= Beginning of Section =
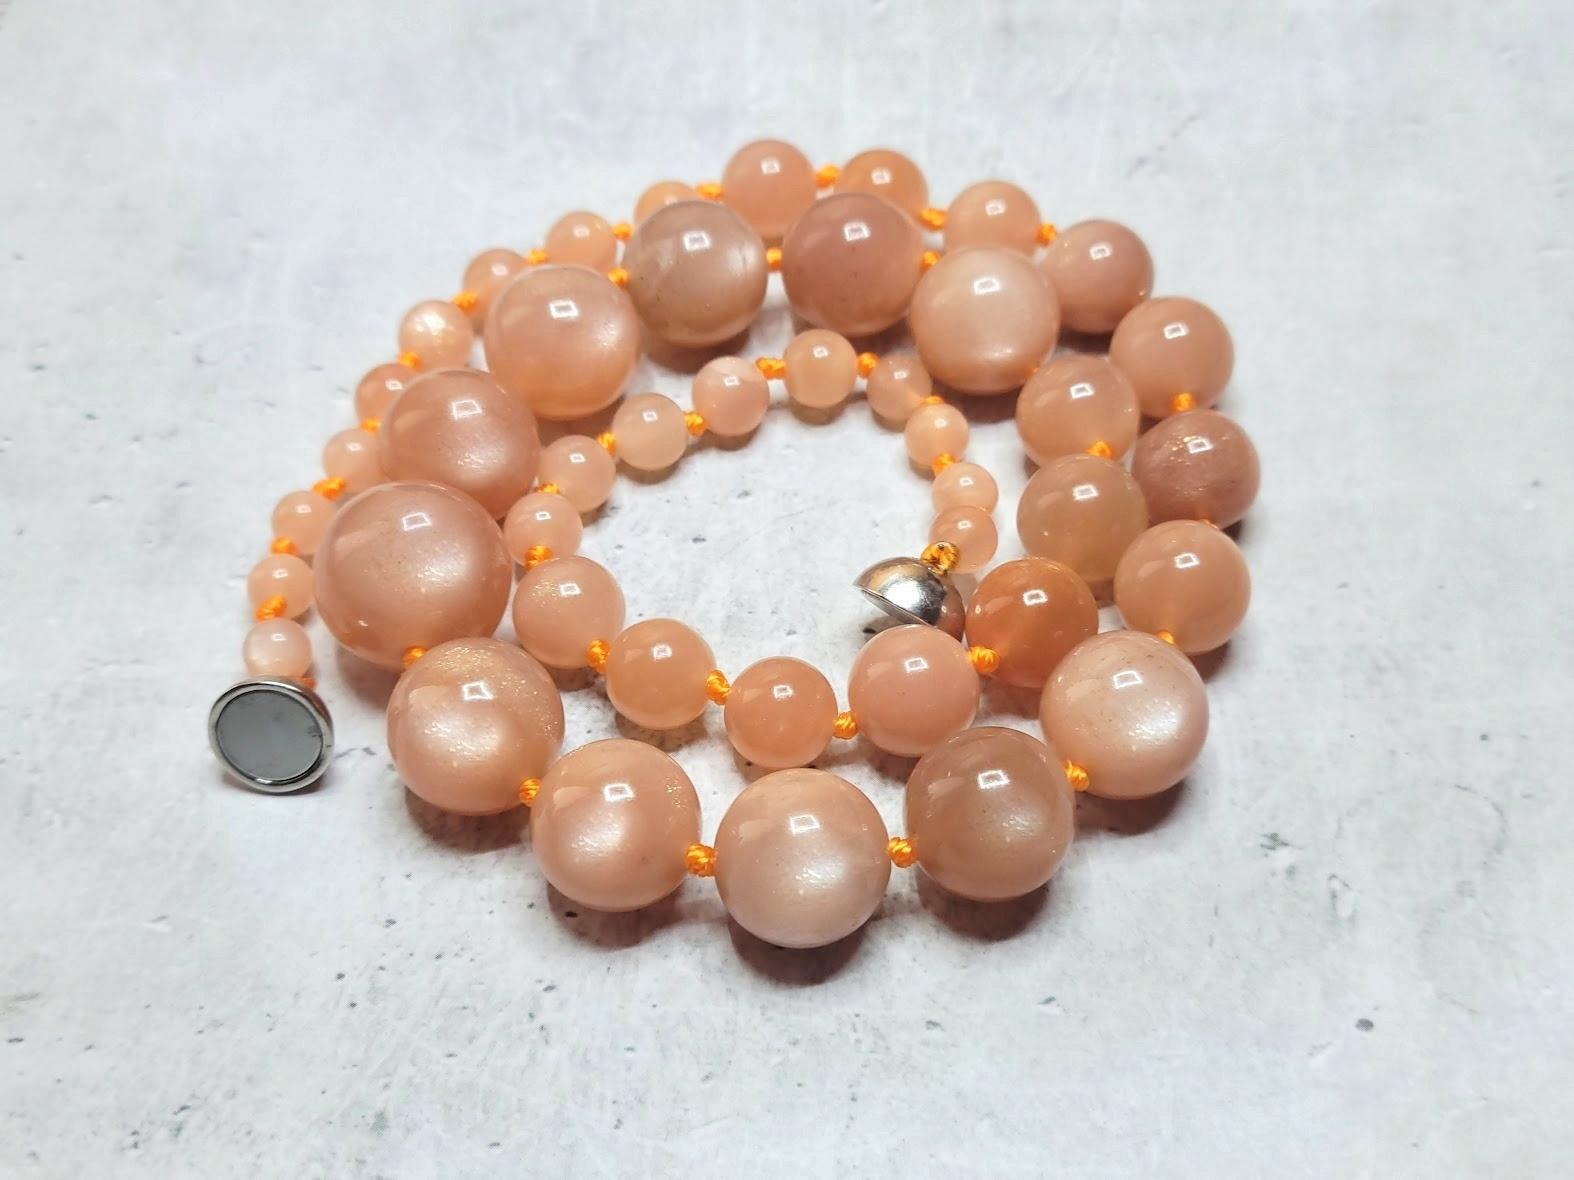 This necklace measures 18.5 inches (47 cm) in length and features smooth round beads ranging from 5 mm to 15 mm in size. The beads have a lovely, soft, and uniform peach tone with a shimmering gold hue. The color is entirely natural, and no thermal
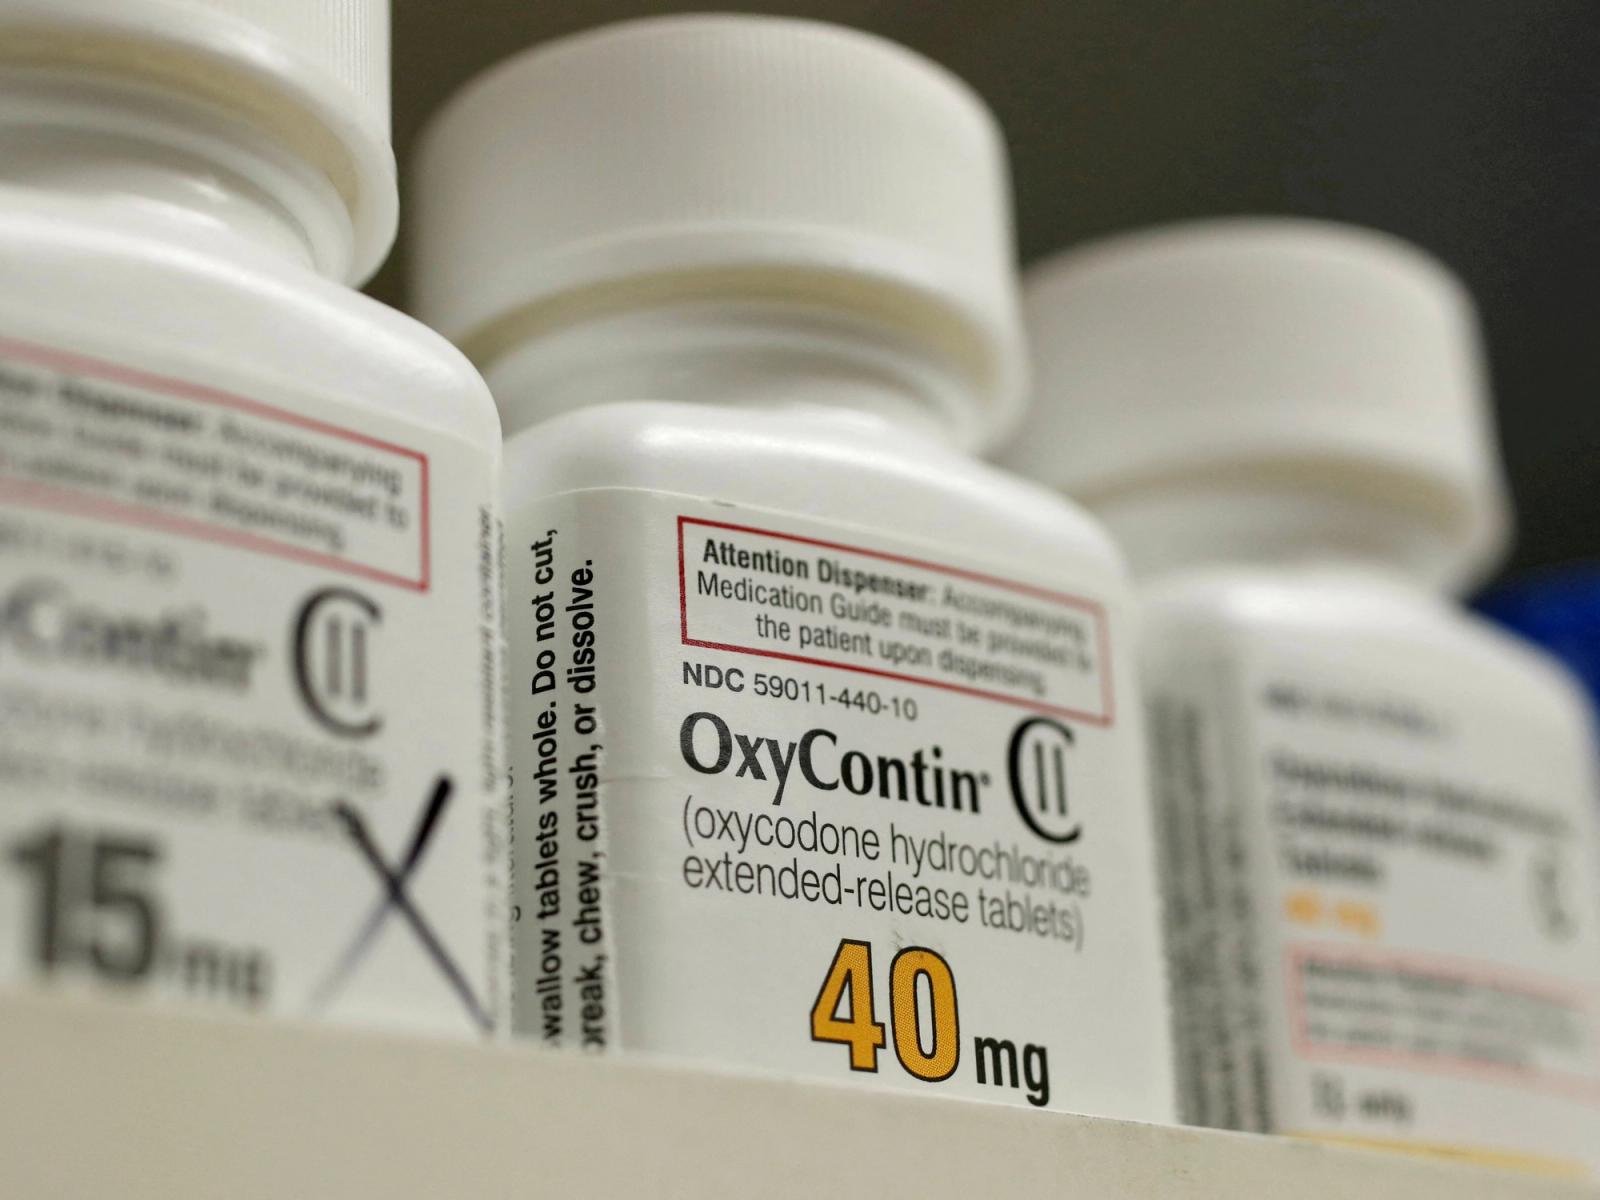 Bottles of prescription painkiller OxyContin made by Purdue Pharma LP sit on a shelf at a local pharmacy in Provo, Utah
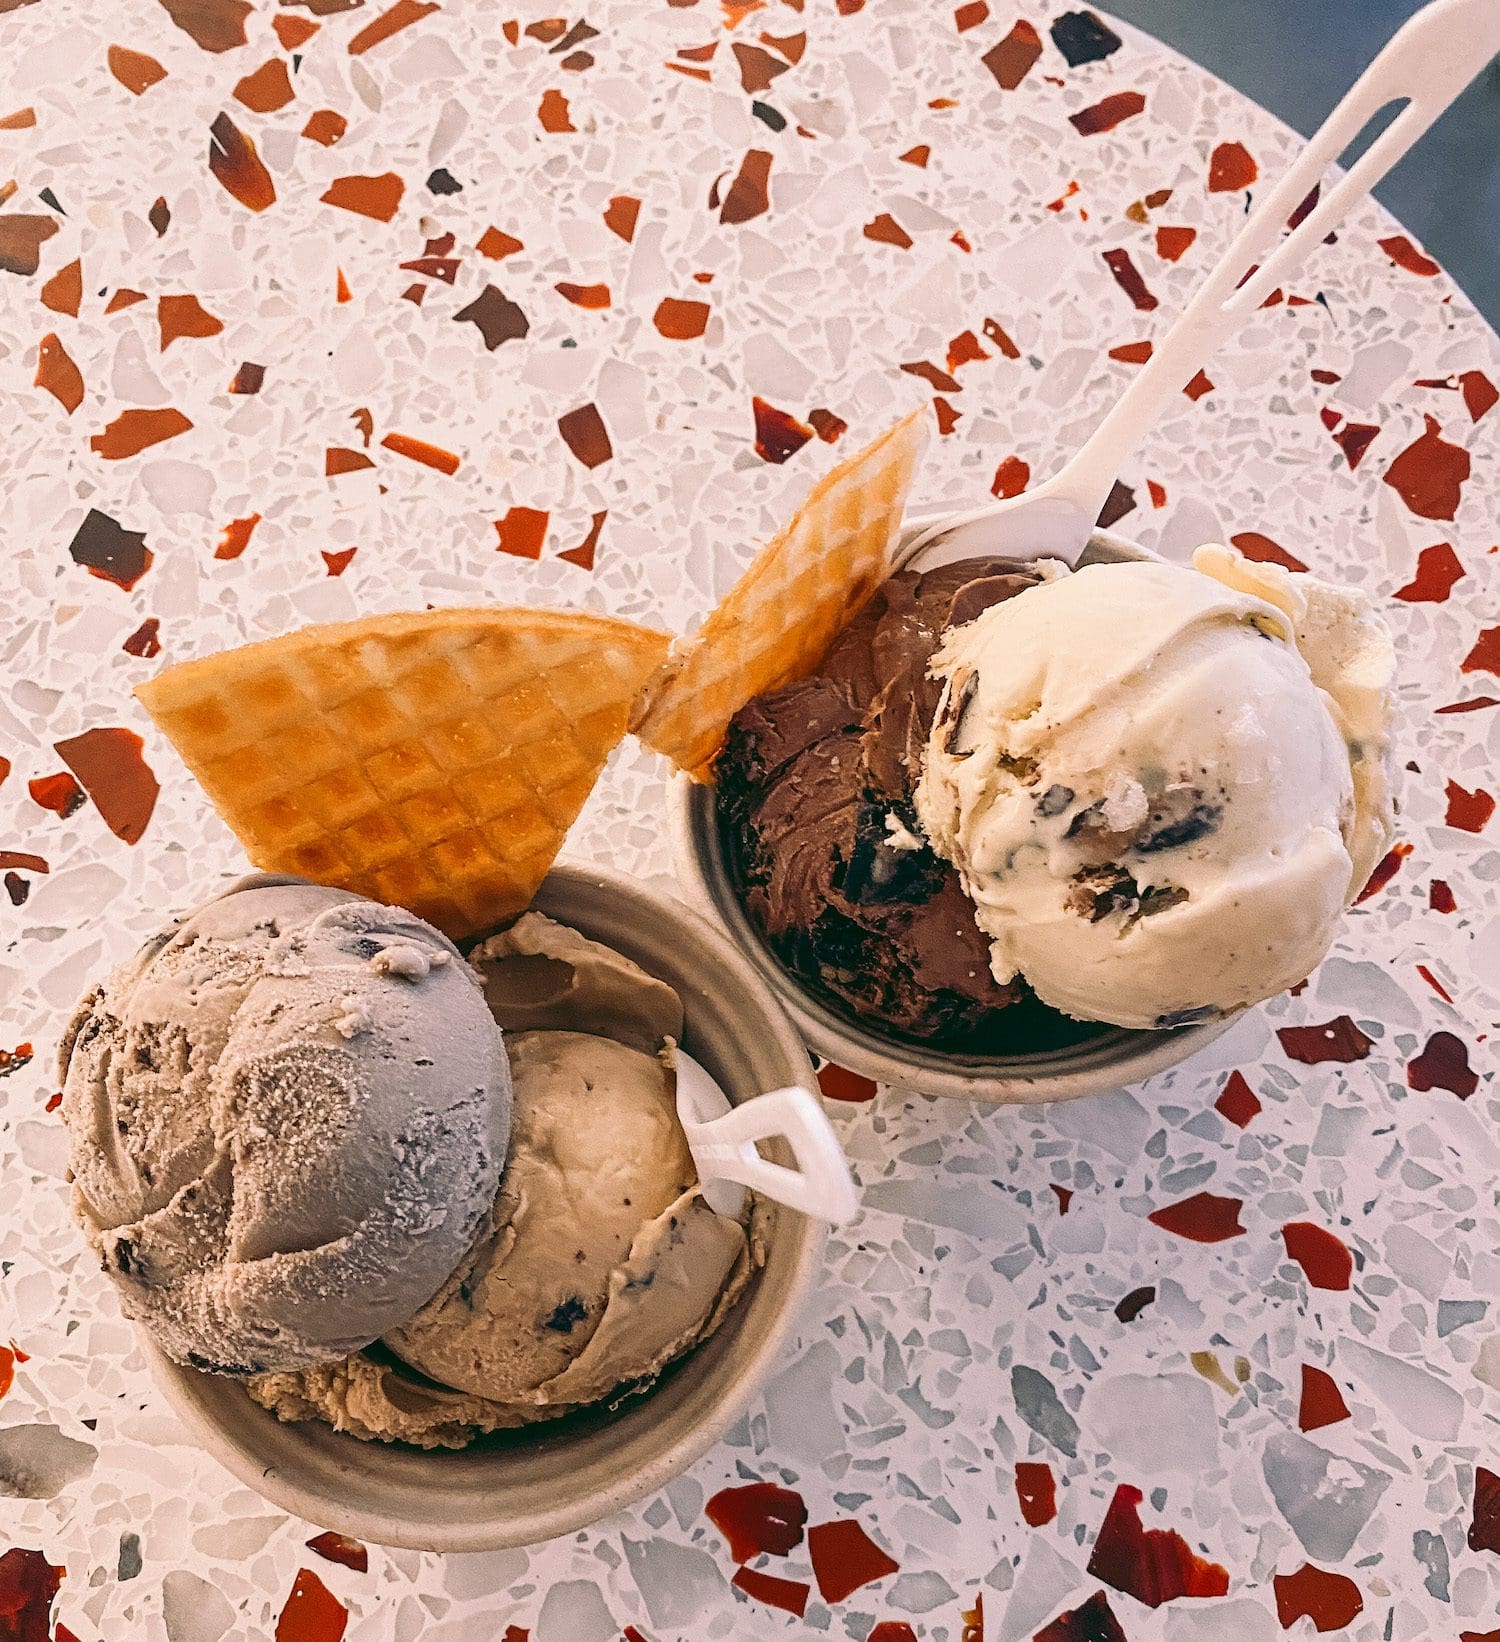 Generous ice cream servings at Chill Bros. Scoop Shop in Tampa
= End of Section =
TASK INSTRUCTIONS: Repeat the listing word for word. Leave images out.

SOLUTION:
 This necklace measures 18.5 inches (47 cm) in length and features smooth round beads ranging from 5 mm to 15 mm in size. The beads have a lovely, soft, and uniform peach tone with a shimmering gold hue. The color is entirely natural, and no thermal
 Bottles of prescription painkiller OxyContin made by Purdue Pharma LP sit on a shelf at a local pharmacy in Provo, Utah
 Generous ice cream servings at Chill Bros. Scoop Shop in Tampa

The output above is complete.